Found this while surfing out of boredom... the accompanying video explains that police had arrested alleged serial killer Rodney Alcala' s locker which he rented shortly before being arrested. 
Now police feel that these photos may help solve cold cases as far back as the 1960's ... scroll down the photos. Who knows you may recognize someone that had turned up missing and can provide police with helpful clues to bring closure to perhaps dozens of unsolved disappearances and murders.
Check it out.
http://www.dont-panic.co.uk/100-photos-found-in-serial-killers-locker/


----------



## seasoned (Jul 13, 2010)

Very educational. As I looked at all the pictures I felt sick knowing that they could all be potential victims. It is very sad how low as a race some can go to satisfy their sickness.


----------



## Xue Sheng (Jul 13, 2010)

seasoned said:


> Very educational. As I looked at all the pictures I felt sick knowing that they could all be potential victims. It is very sad how low as a race some can go to satisfy their sickness.


 
It sickens me as well that I could be looking at victims.

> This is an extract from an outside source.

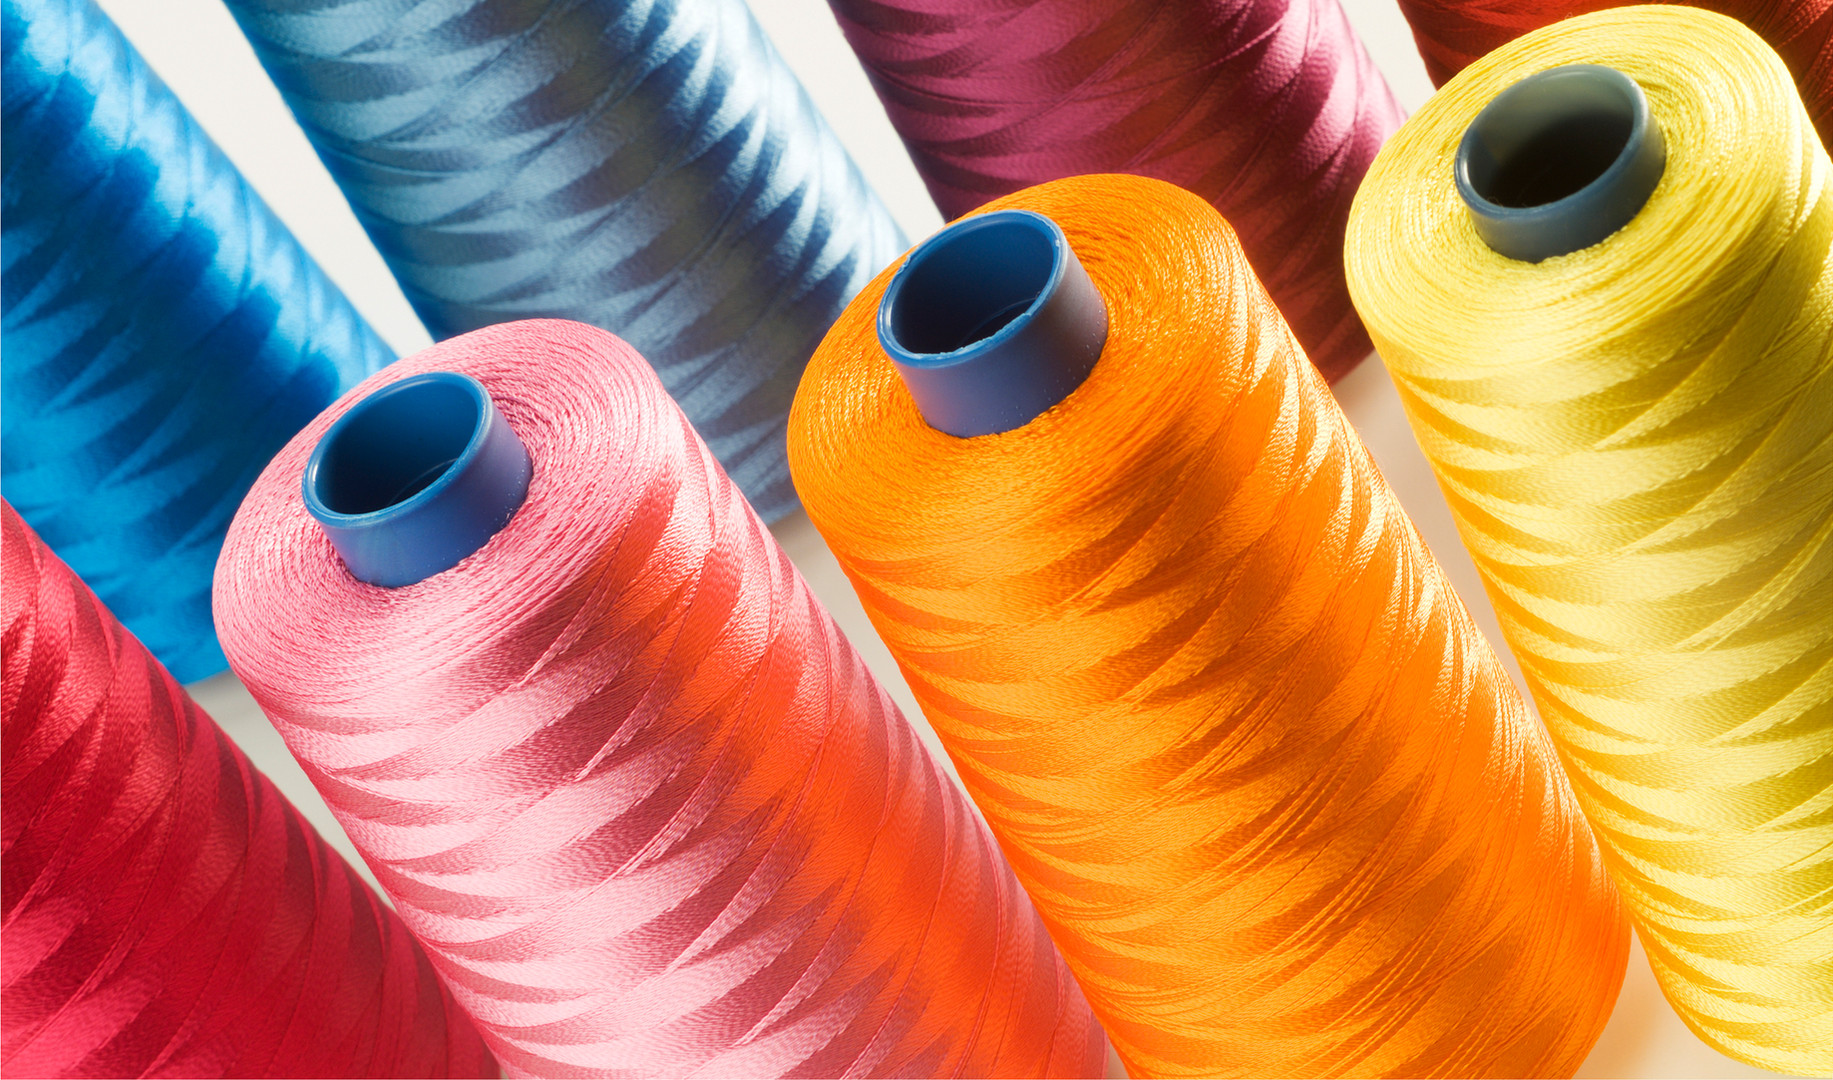 Hilo de coser colorido

At least Rodney Alcala was stopped, convicted and sentenced to death in 2010.


----------



## MA-Caver (Jul 13, 2010)

Xue Sheng said:


> It sickens me as well that I could be looking at victims.
> 
> At least Rodney Alcala was stopped, convicted and sentenced to death in 2010.


Provided that there isn't any b.s. stays of executions or appeal delays or any other sort of that legality nonsense that allows justice to be trodden underfoot. 

Hopefully he will cooperate and point out which of those he had killed among that collection. 
I noticed quite a few were cut off at the shoulders indicating that they were nude pics and he somehow convinced the girls/women to pose nude for him, they not realizing that they probably pulled the trigger on his demented mind and got his wheels spinning which enabled him to go into killer mode. The others, particularly that toddler (which was photographed several times) was the most heart breaking for me to think that he might've bent his warped attention to the child. 

Remember if anyone of those people in the pics look familiar please contact the police and let them know. You can probably do it anonymously. There are dozens of families probably looking for closure on their missing loved ones.


----------